The Cancer Patient: Too Many Scans and X-rays?
GJC Rees
Hong Kong J Radiol 2004;7:44-8
The title of this article is the same as that of a paper by Brewin published in the Lancet more than 20 years ago. There have been substantial advances in diagnostic radiology and in oncological treatments during the past 20 years, but the question remains valid. Many radiological investigations requested for cancer patients stand little chance of being of overall benefit through altering clinical management or improving quality of life. There is considerable variation in the use of radiological investigations in cancer management.
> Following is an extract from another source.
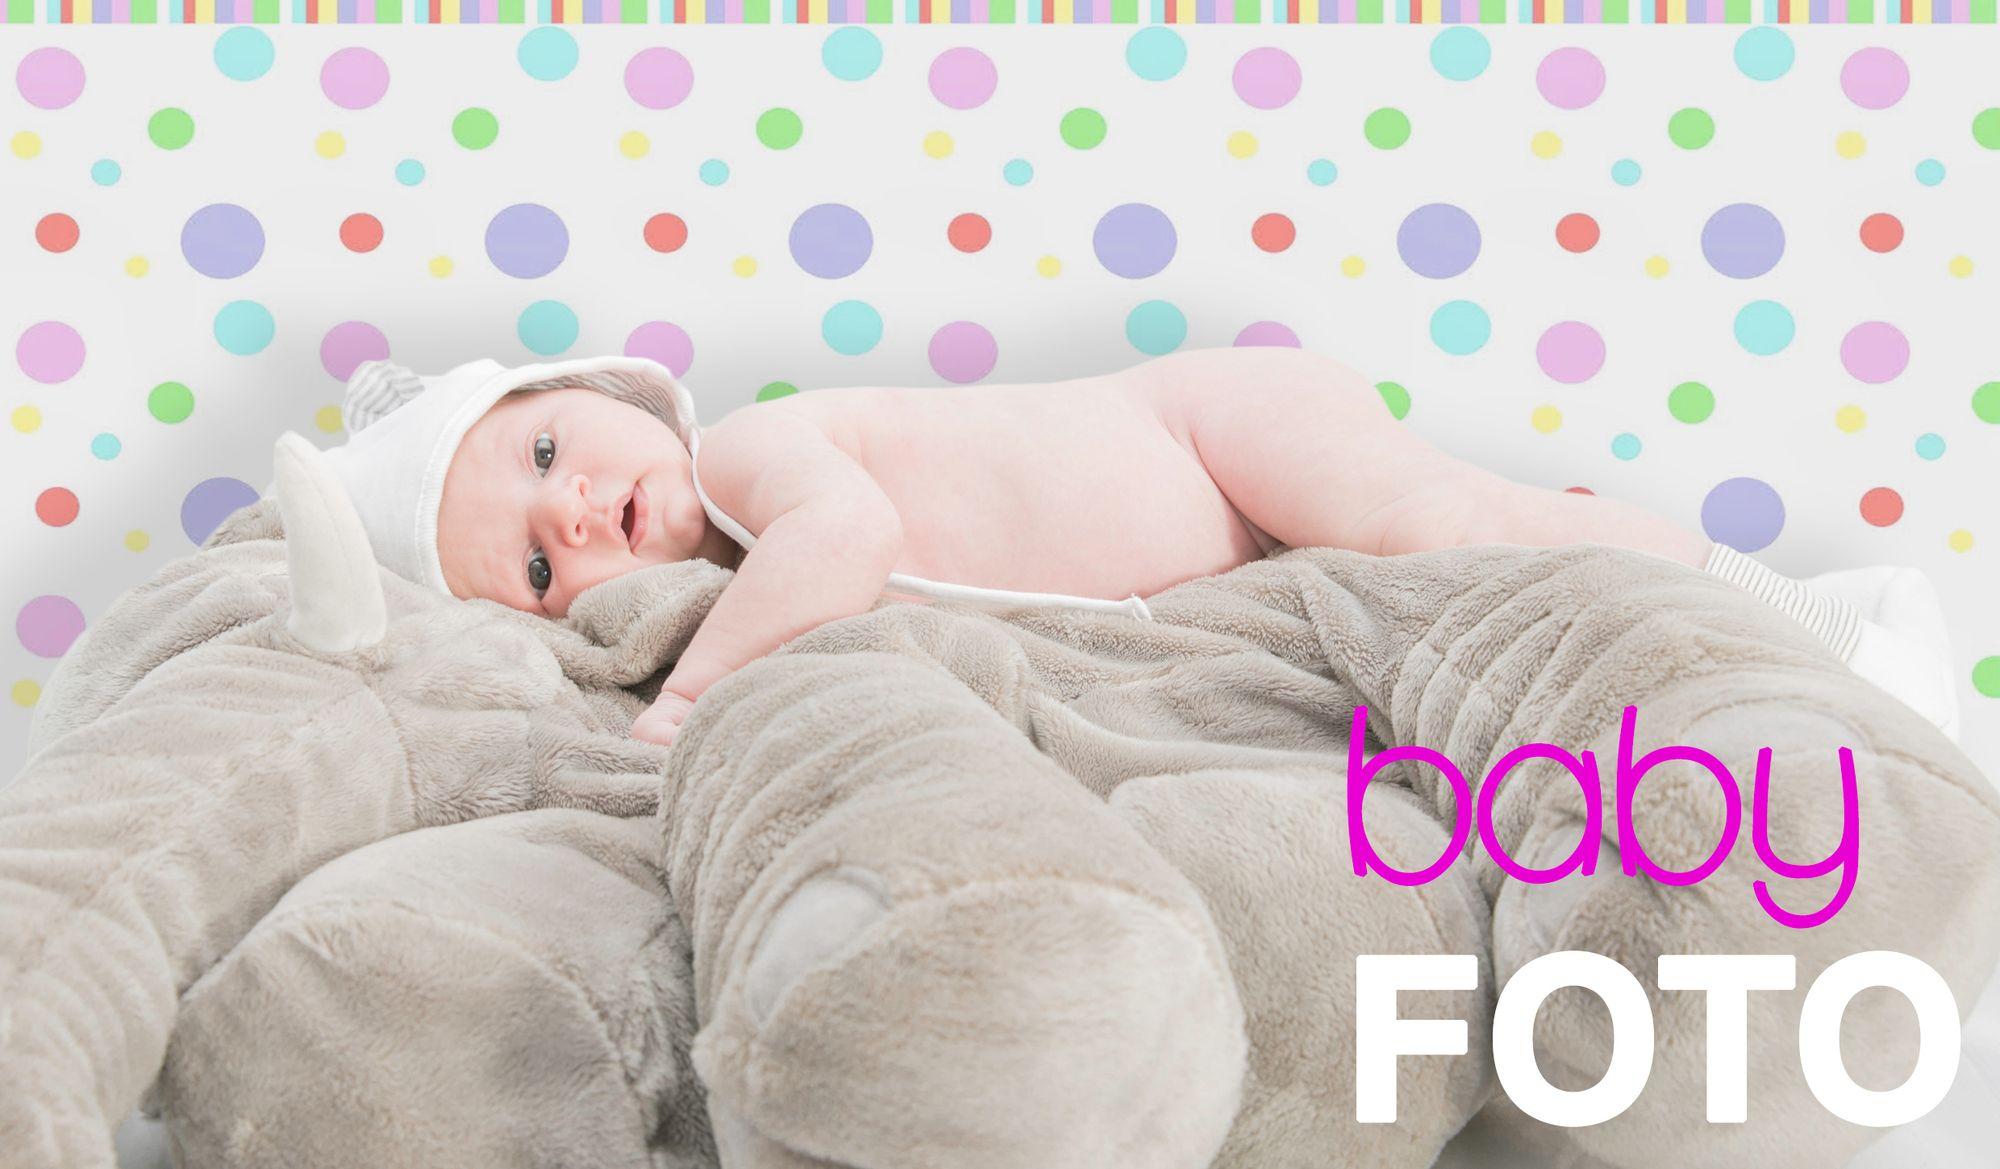 babyfoto - actievents ™ | organización de eventos y bodas
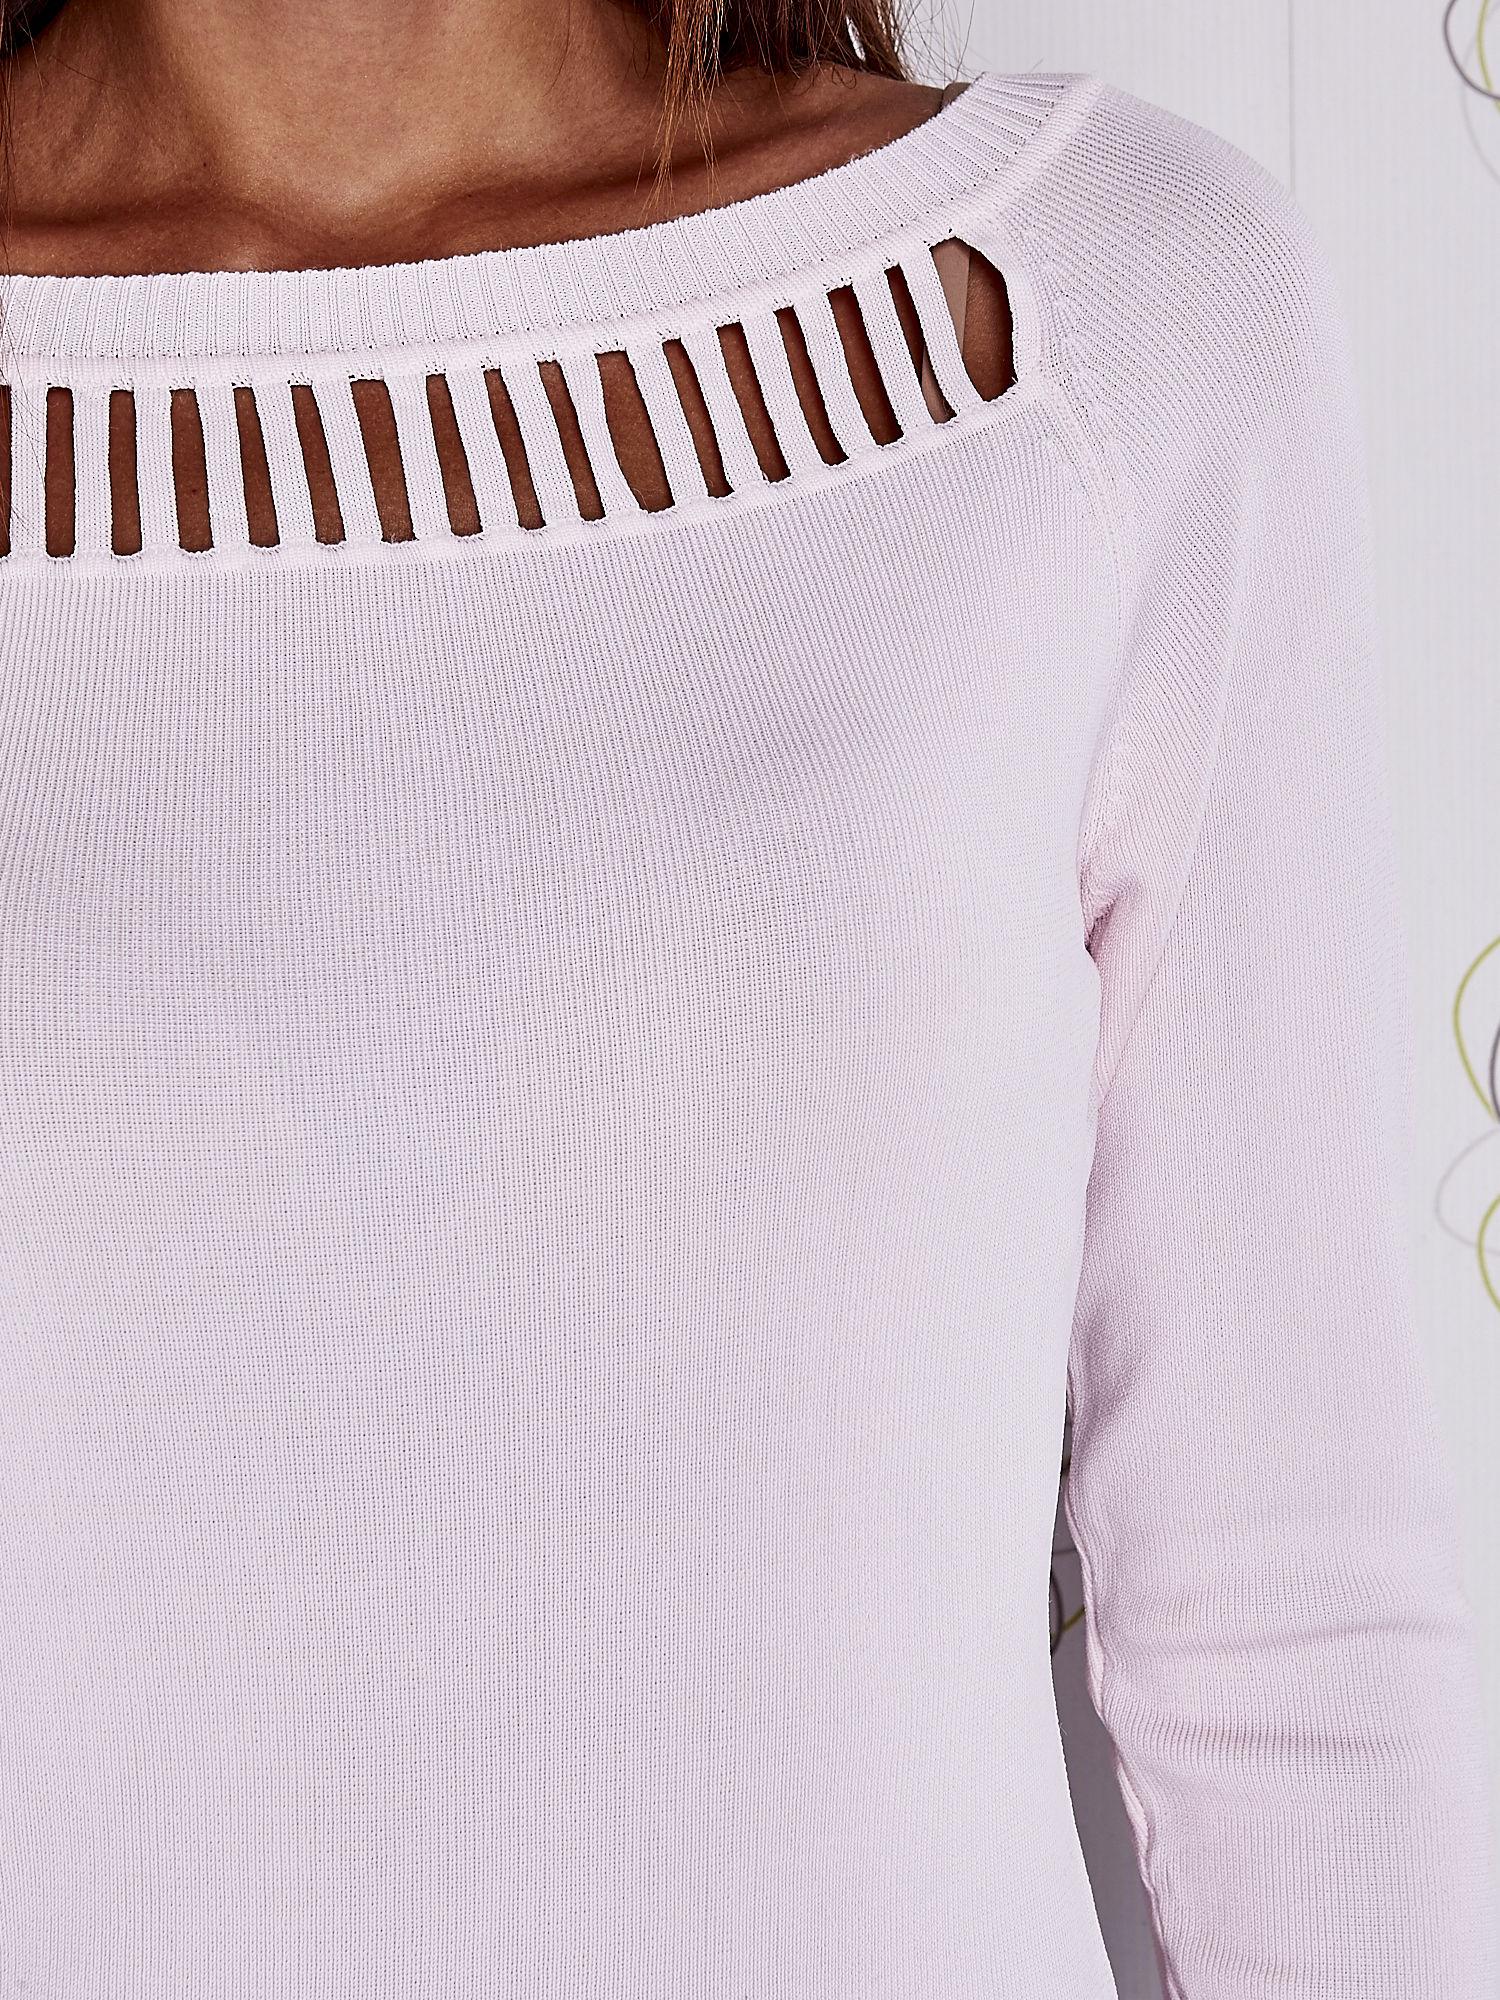 Jasnoróżowy jedwabny sweter z ażurowaniem przy dekolcie                                  zdj.                                  5

One area where this is seen in particular is in the ‘restaging’ of patients whose cancer has ‘returned’. The reasons given to patients for such investigations are often not convincing. Investigations are sometimes arranged to ‘rule out’ or ‘exclude’ malignant involvement of other organs and tissues, but the sensitivity of even the best forms of radiological assessment means that such ‘exclusion’ is, in fact, impossible. Some investigations reveal that the disease is more widespread than originally supposed. While for some patients this may very usefully influence management, for others this news may make no significant difference to treatment but can have a profound negative and unnecessary psychological impact. Many radiological investigations are expensive and many patients have to wait longer than they should for the scans they need. Resources are limited and requesting unnecessary tests for some patients can adversely affect the management of others.